RECORD SET:
+ + +
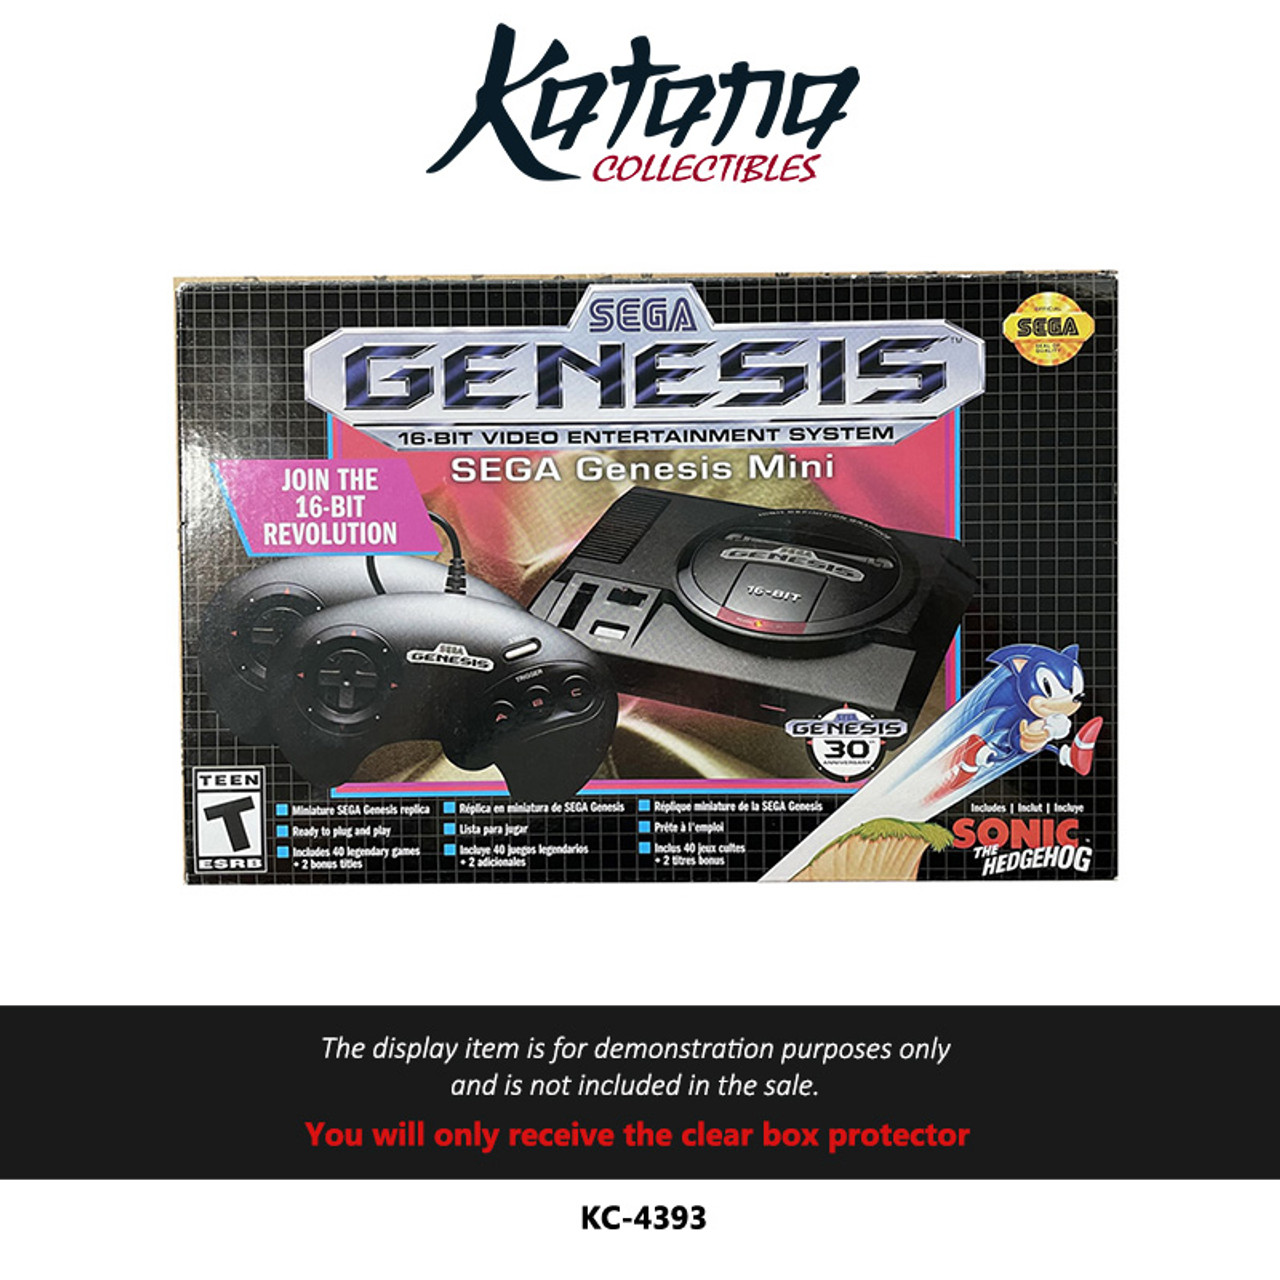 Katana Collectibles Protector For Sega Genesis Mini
+ + +
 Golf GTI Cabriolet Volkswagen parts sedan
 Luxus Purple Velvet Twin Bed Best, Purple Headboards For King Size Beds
+ + +
PROBLEM DETAILS: From the material above, retype precisely the lines between the line holding "Golf GTI Cabriolet Volkswagen parts sedan" and the line holding "Luxus Purple Velvet", inclusive, and nothing beyond them.

EXPECTED OUTPUT:
 Golf GTI Cabriolet Volkswagen parts sedan
 Luxus Purple Velvet Twin Bed Best, Purple Headboards For King Size Beds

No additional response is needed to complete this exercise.